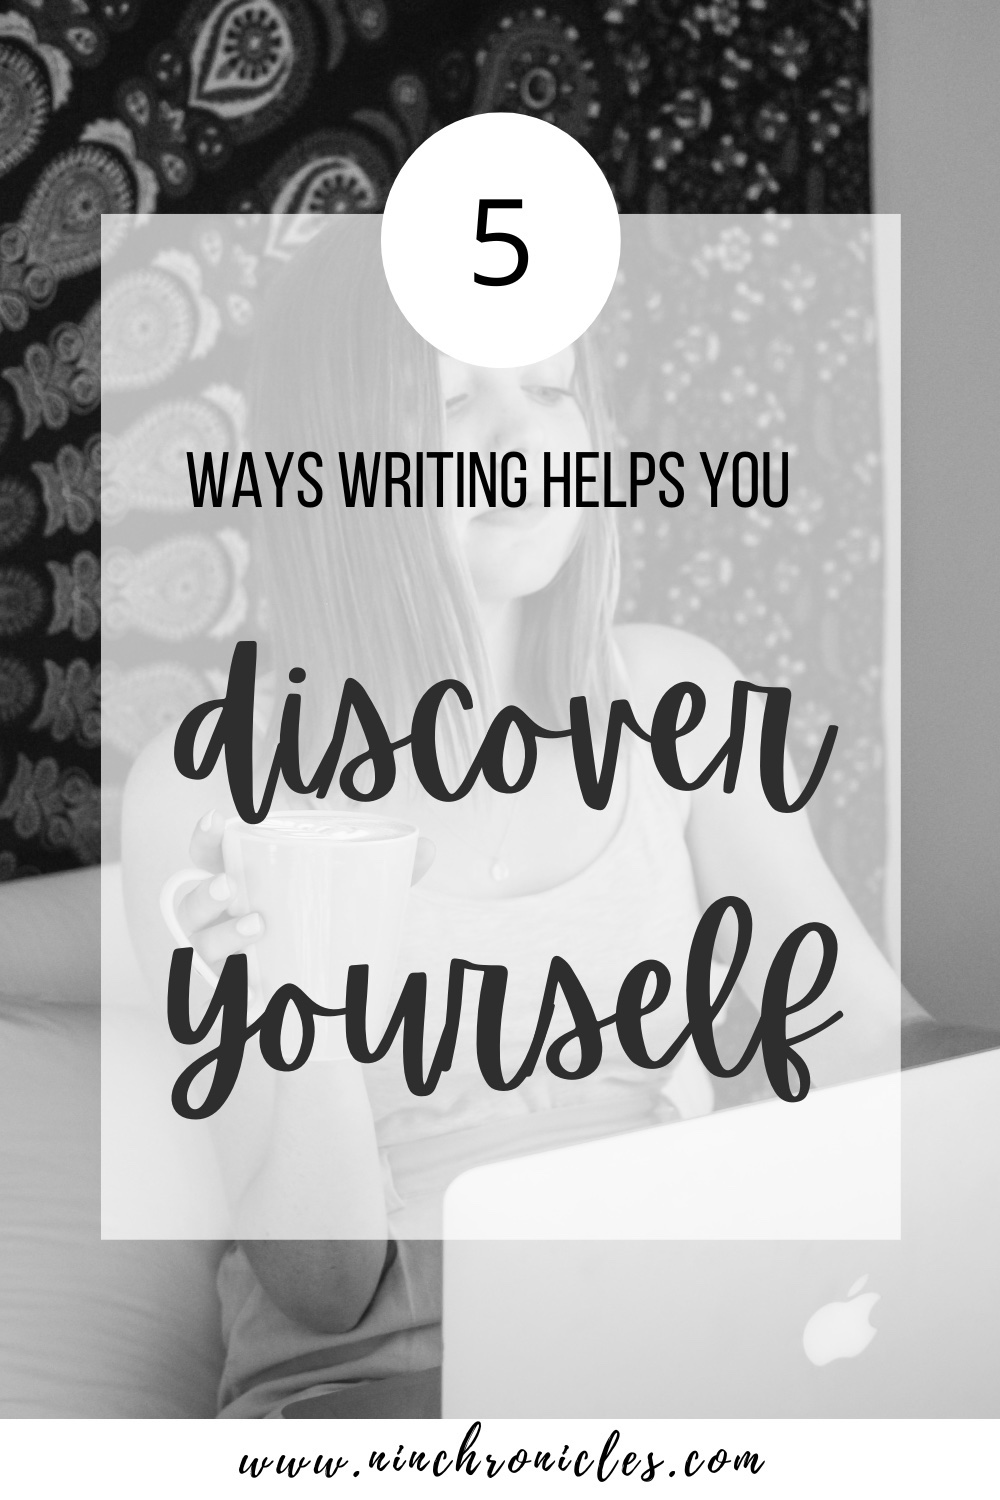 Writing for Personal Growth
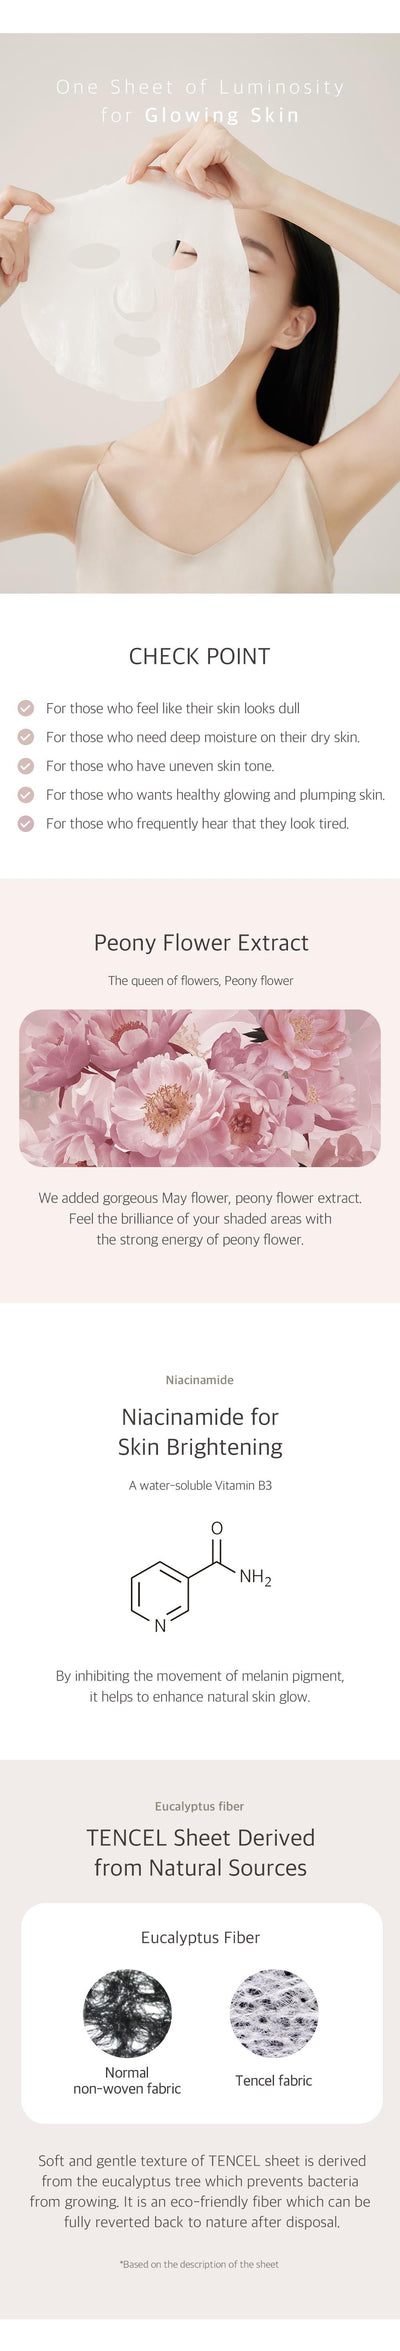 [Needly] Peony Jelly Mask 10 sheets-Luxiface.com
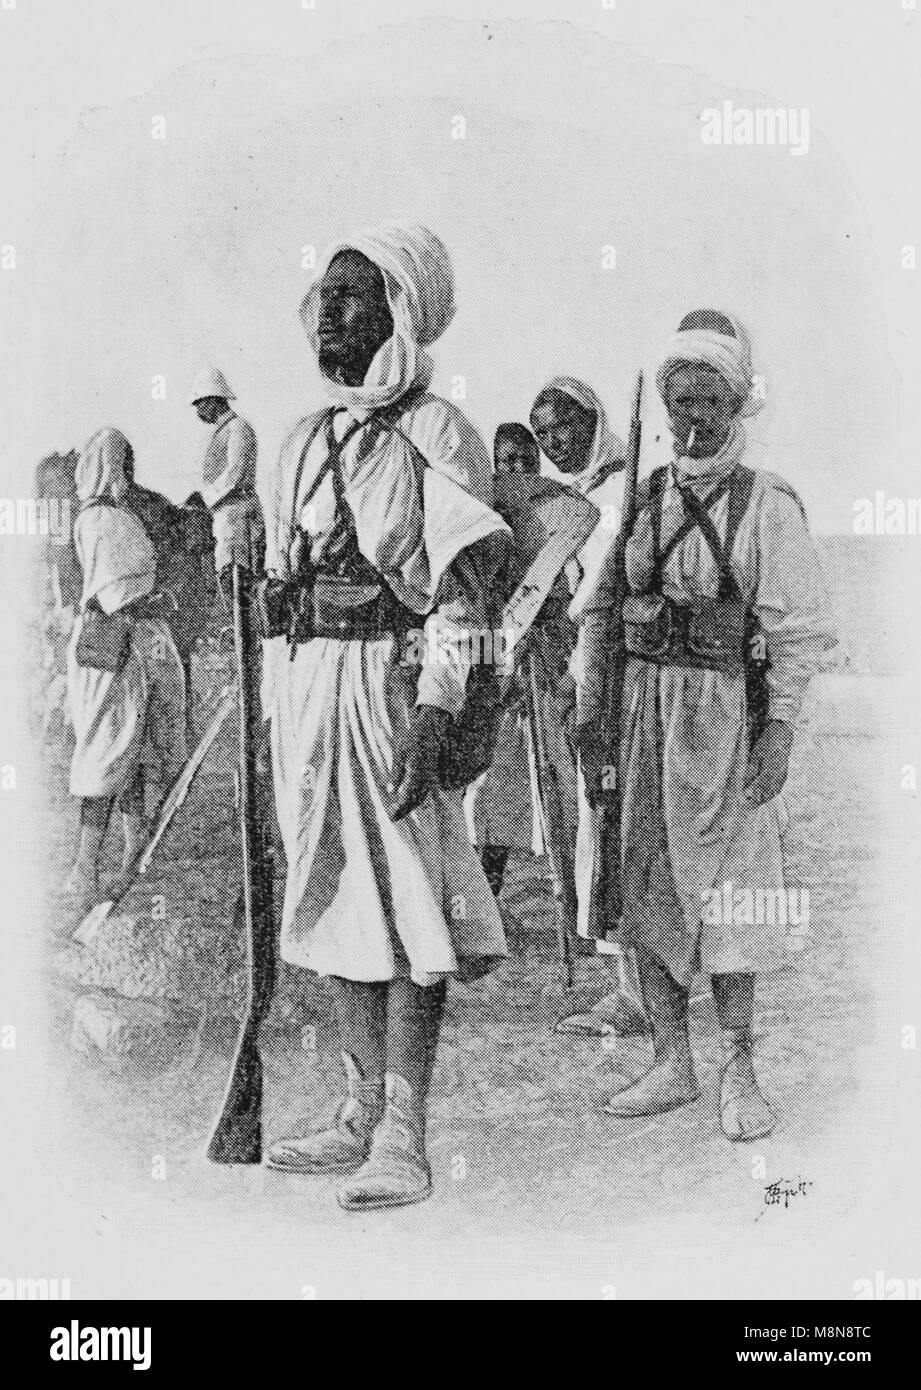 French Foureau-Lamy expedition in Chad in 1900, Targui participants, Picture from the French weekly newspaper l'Illustration, 9th September 1900 Stock Photo
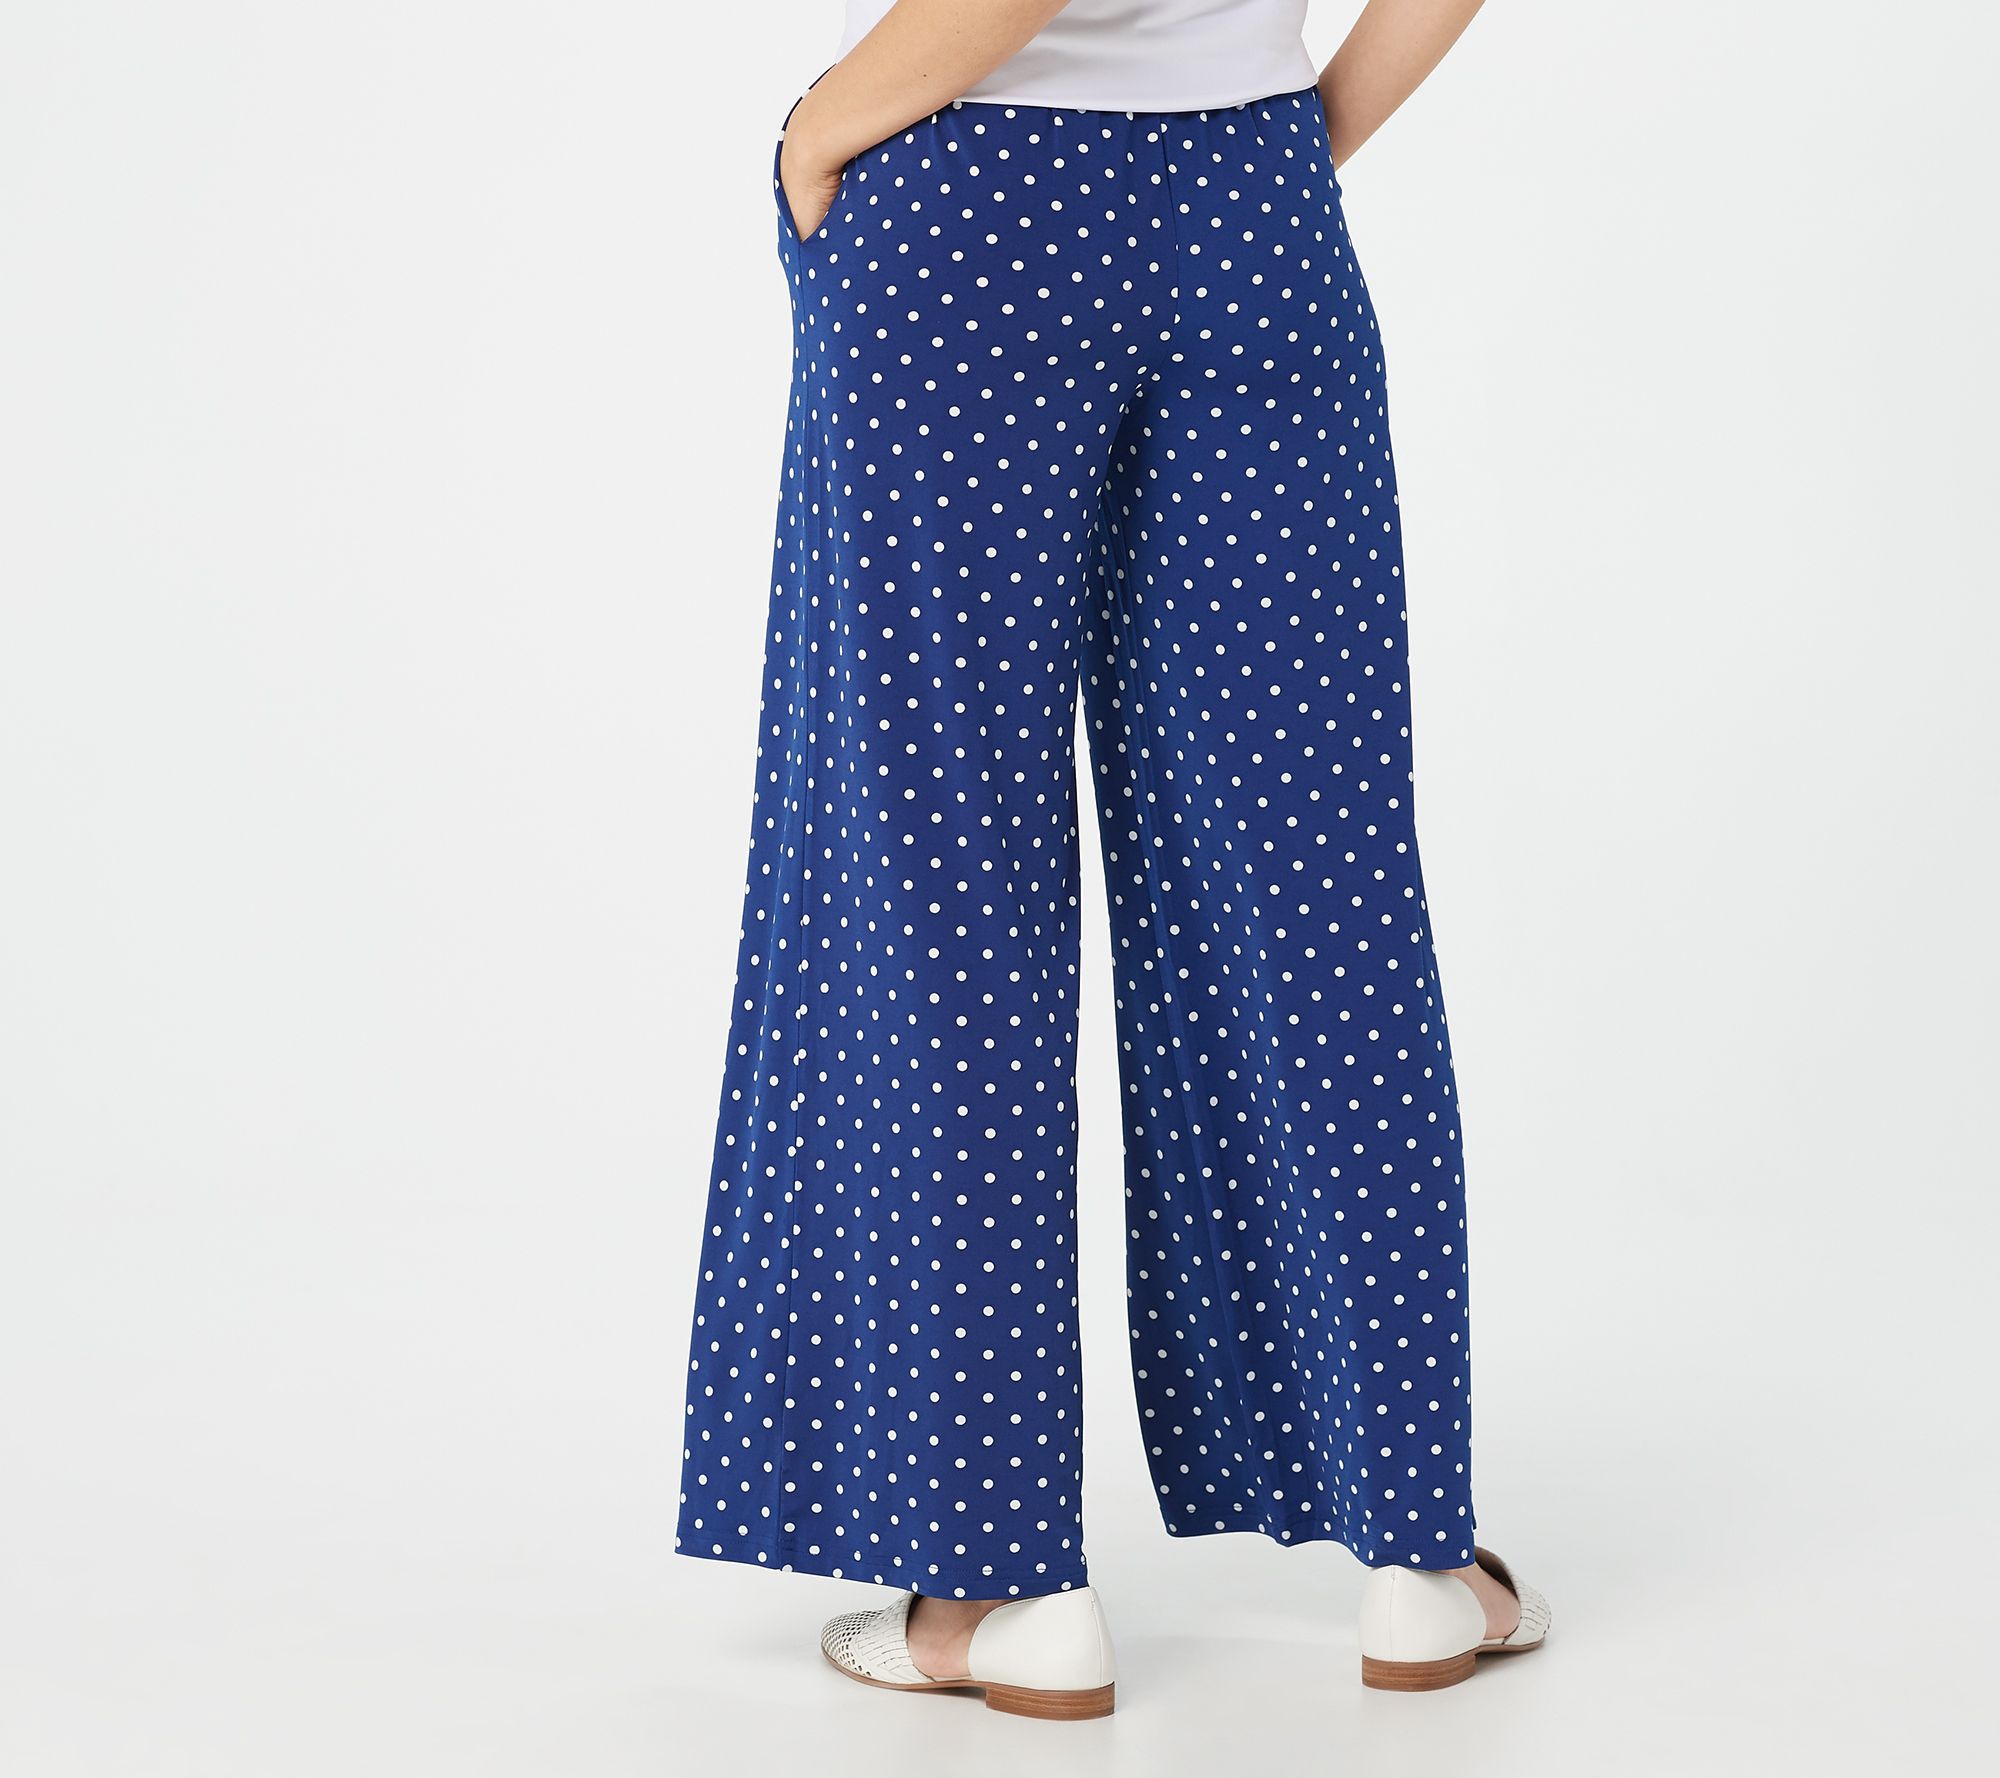 From Desk to Drinks: Polka Dots + Ponte Pants ($30 OUTFIT!)

■ **Exercise directions**:
Everything from the line with "French Foureau-Lamy expedition" through the last line of the listing above is to be copied exactly, both ends included, except the pictures.

■ **Response box**:
 French Foureau-Lamy expedition in Chad in 1900, Targui participants, Picture from the French weekly newspaper l'Illustration, 9th September 1900 Stock Photo
 From Desk to Drinks: Polka Dots + Ponte Pants ($30 OUTFIT!)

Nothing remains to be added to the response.